Alpha-RgIA, a novel conotoxin that blocks the alpha9alpha10 nAChR: structure and identification of key receptor-binding residues

α-Conotoxins are small disulfide-constrained peptides from cone snails that act as antagonists at specific subtypes of nicotinic acetylcholine receptors (nAChRs). The 13-residue peptide α-conotoxin RgIA (α-RgIA) is a member of the α-4,3 family of α-conotoxins and selectively blocks the α9α10 nAChR subtype, in contrast to another well-characterized member of this family, α-conotoxin ImI (α-ImI), which is a potent inhibitor of the α7 and α3β2 nAChR subtypes. In this study, we have altered side chains in both the four-residue and the three-residue loops of α-RgIA, and have modified its C-terminus. The effects of these changes on activity against α9α10 and α7 nAChRs were measured; the solution structures of α-RgIA and its Y10W, D5E, and P6V analogues were determined from NMR data; and resonance assignments were made for α-RgIA R9A]. The structures for α-RgIA and its three analogues were well defined, except at the chain termini.
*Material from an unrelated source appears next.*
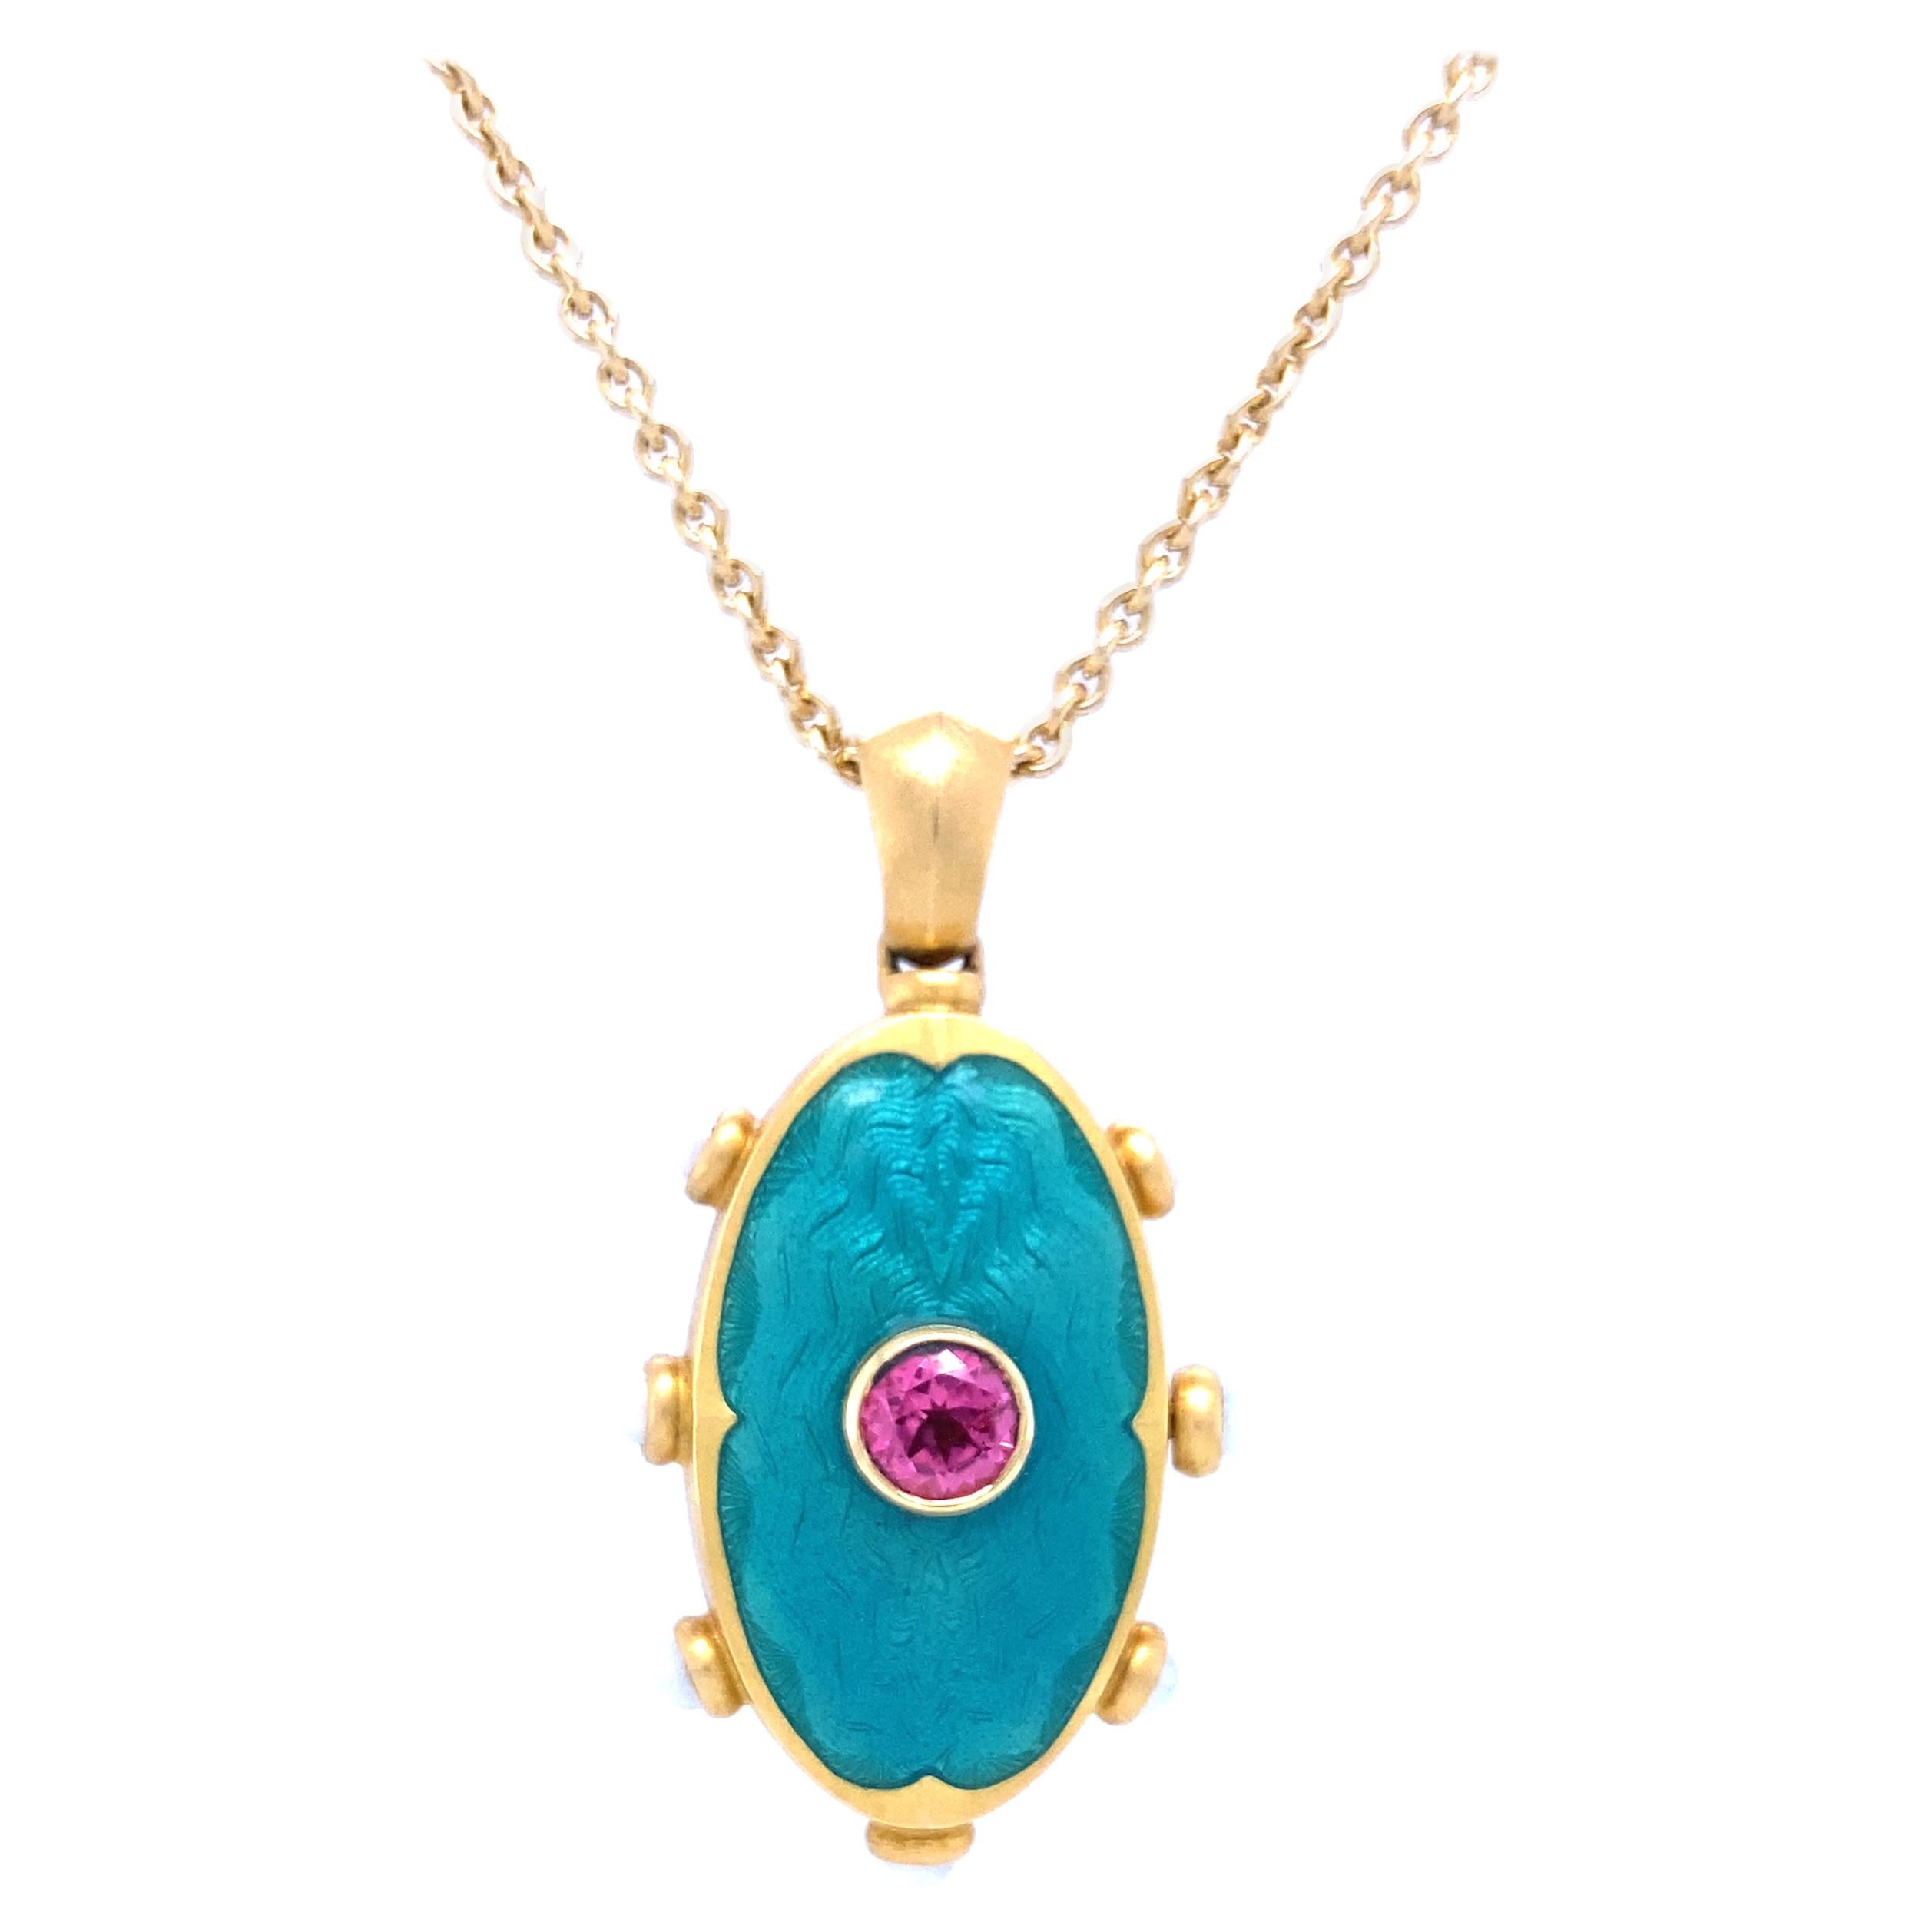 Oval Locket Pendant Necklace 18k Yellow Gold Turquoise Enamel Rubellite & Pearls For Sale
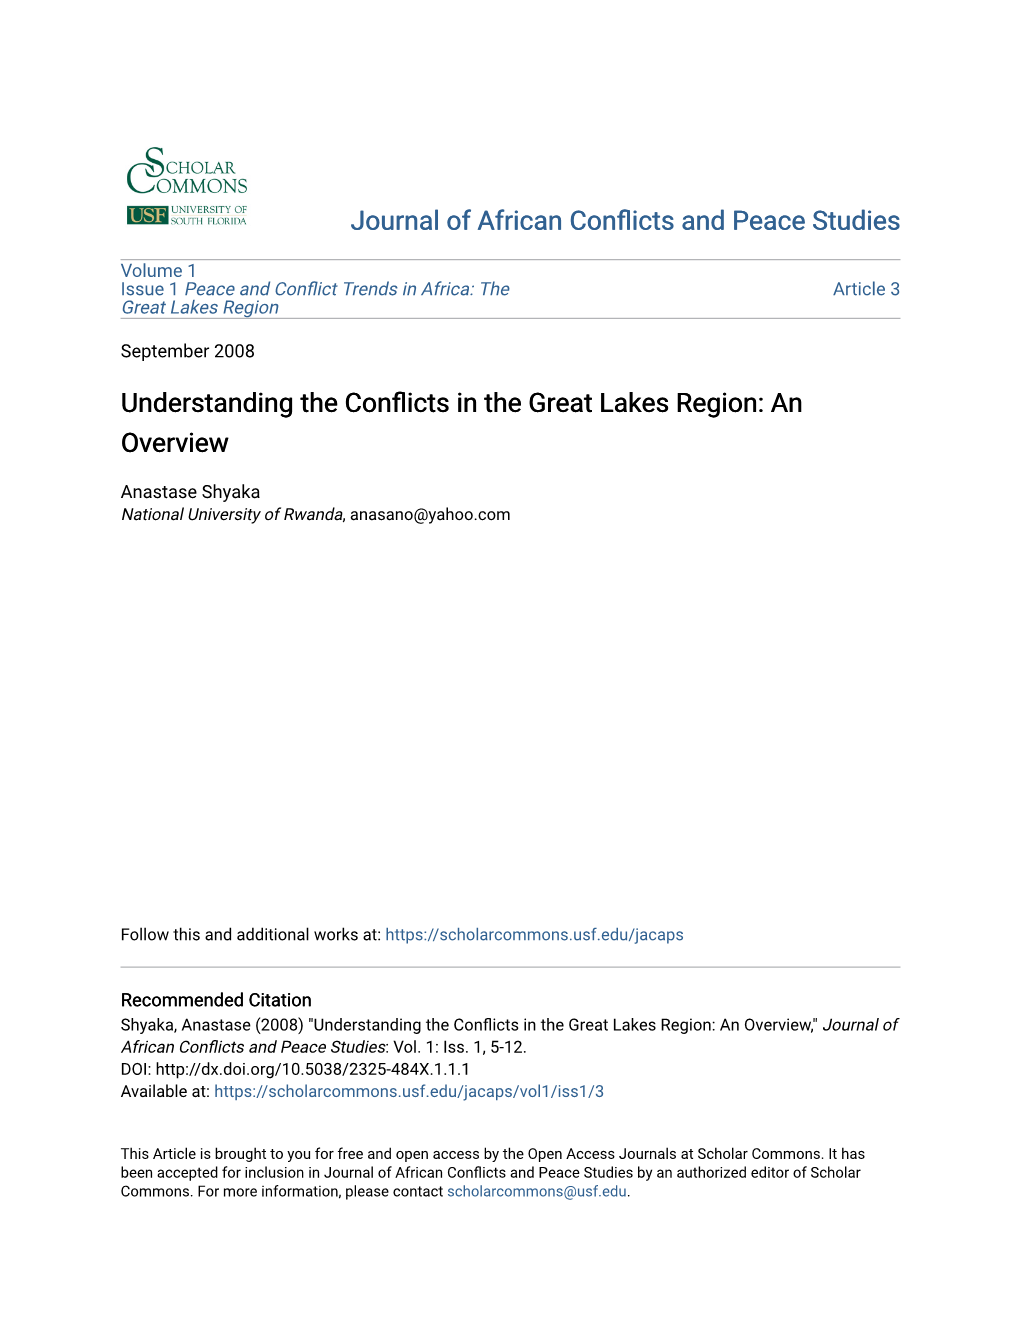 Understanding the Conflicts in the Great Lakes Region: an Overview

Comparison of these structures with reported structures of α-ImI reveals a common two-loop backbone architecture within the α-4,3 family, but with variations in side-chain solvent accessibility and orientation. Asp5, Pro6, and Arg7 in loop 1 are critical for blockade of both the α9α10 and the α7 subtypes. In loop 2, α-RgIA Y10W] had activity near that of wild-type α-RgIA, with high potency for α9α10 and low potency for α7, and had a structure similar to that of wild type. By contrast, Arg9 in loop 2 is critical for specific binding to the α9α10 subtype, probably because it is larger and more solvent accessible than Ala9 in α-ImI. Our findings contribute to a better understanding of the molecular basis for antagonism of the α9α10 nAChR subtype, which is a target for the development of analgesics for the treatment of chronic neuropathic pain.